Reorgs, or reorganizations, occur on a blockchain when a longer valid chain replaces a shorter one. This is usually due to the addition of new blocks or resolution of network forks. Blockchain reorgs help maintain consensus and integrity by ensuring that the majority of network participants agree on the valid transaction history.

Dupes (Duplicates)

Objective

Ensure the prevention of duplicated information in the Snowflake database and blockchain node data, preserving data integrity for metrics and roll-ups.

Problem Solved

By implementing duplication checks, the system identifies and addresses instances of transaction hash duplication across chains (e.g., XDC Network, Optimism, Arbitrum). This prevents adverse effects on metrics and roll-ups, ensuring accurate and reliable data for downstream processes.

Gaps

Objective

Identify and address missing or incomplete data sequences in the Snowflake database, ensuring a continuous and complete record of blockchain data.

Problem Solved

Checks are implemented to verify the presence of a comprehensive data record from the genesis to the latest block. Valid gaps, which refer to missing or incomplete sequences of data within the blockchain and are acknowledged in chains like Solana and Ethereum Beacon Chain, are confirmed and aligned with validation expectations. This ensures a thorough examination and validation of gaps, maintaining the integrity of the dataset.

Check Sums

Objective

Maintain the integrity of blockchain data during flattening or joining processes through the use of checksums, safeguarding the alignment with curated reporting layer tables.

Problem Solved

Utilizing checksums* across the entire chain addresses the complexity of blockchain data, particularly in deep object arrays. This serves as a safeguard against inaccurate data emissions, ensuring that the source of truth consistently aligns with the curated reporting layer tables.

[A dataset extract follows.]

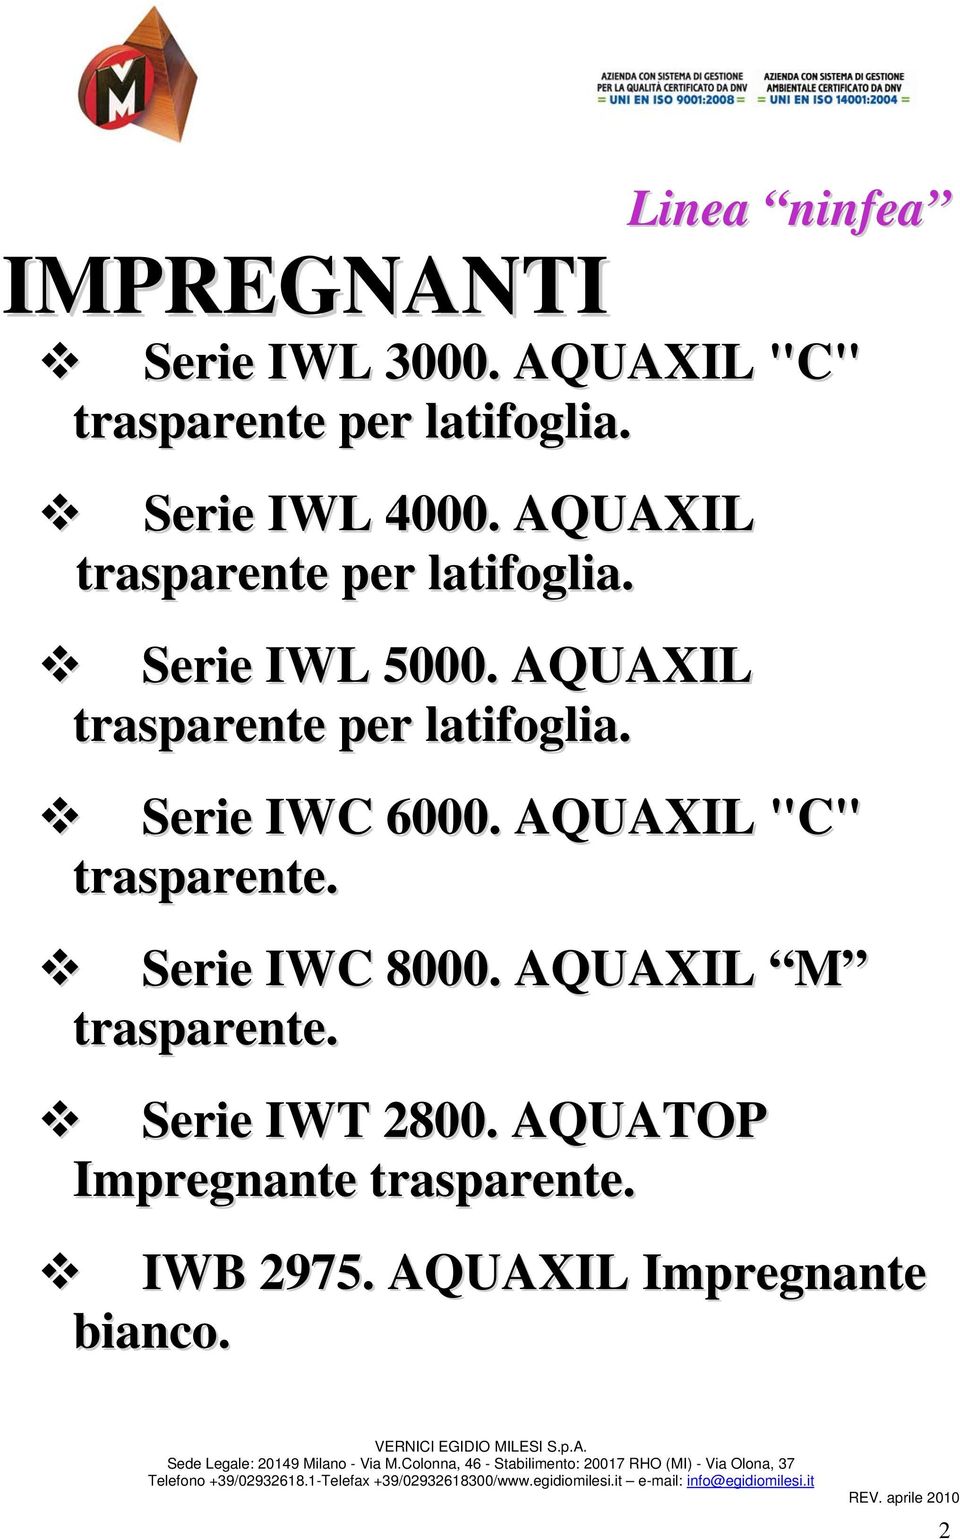 AQUAXIL "C" trasparente. Serie IWC 8000. AQUAXIL M trasparente. Serie IWT 2800. AQUATOP Impregnante trasparente.

*Checksums are the sum total of transactions, receipts, logs, or any field that we are verifying against a source of truth, such as an RPC call on a blockchain node.

Table Flow Validation

Objective

Confirm consistency between raw and processed tables, addressing new key-value pairs introduced by blockchain changes and updates.

Problem Solved

Validation mechanisms alert, address, and add any new key-value pairs in subsequent updates to the Snowflake database. This ensures that attributes and information remain consistent after processing, accommodating changes introduced by blockchain updates.

Nulls

Objective

Identify and address instances of empty (null) essential data fields in the blockchain, ensuring completeness and data integrity.

Problem Solved

Validation tests cross-check and address discrepancies when null data is encountered. This ensures the maintenance of data completeness, especially when re-ingestion reveals valid full data after initial null values.

However when cross-checked on the Polygon Explorer, the correct block hash was shown as 0xc2c119387cca7c8b87caa67761380a35a127ffb7dfc6c40f709cdbd05ac7f687.

SonarX’s validation tests ensure that each transaction has a matching receipt and checksums on the receipts. A mismatch between the receipt and checksums indicates potential inconsistencies in the data within the receipt, which may have occurred due to data tampering, or errors when processing the transaction information.

Match Checks

Objective

Verify the integrity of data within blocks by checking if the block hash matches the transaction and receipt hash, identifying potential tampering.

Problem Solved

Discrepancies between block level and other node calls are identified and addressed during data ingestion. This ensures the consistency of data across diverse calls, safeguarding against tampering and maintaining the integrity of block linkage.

Token Metadata Refresh

Objective

Ensure that token contract metadata fields are up to date.

Problem Solved

Regular reviews and updates of token metadata labels ensure consistency with both node and off-chain data, addressing the mutability of token information and preventing discrepancies.

Due to the mutability of token information, regular review and updates of token metadata are necessary to ensure consistency with both node and off-chain data. SonarX’s regular token metadata refresh ensures that any changes to the metadata are captured as soon as possible.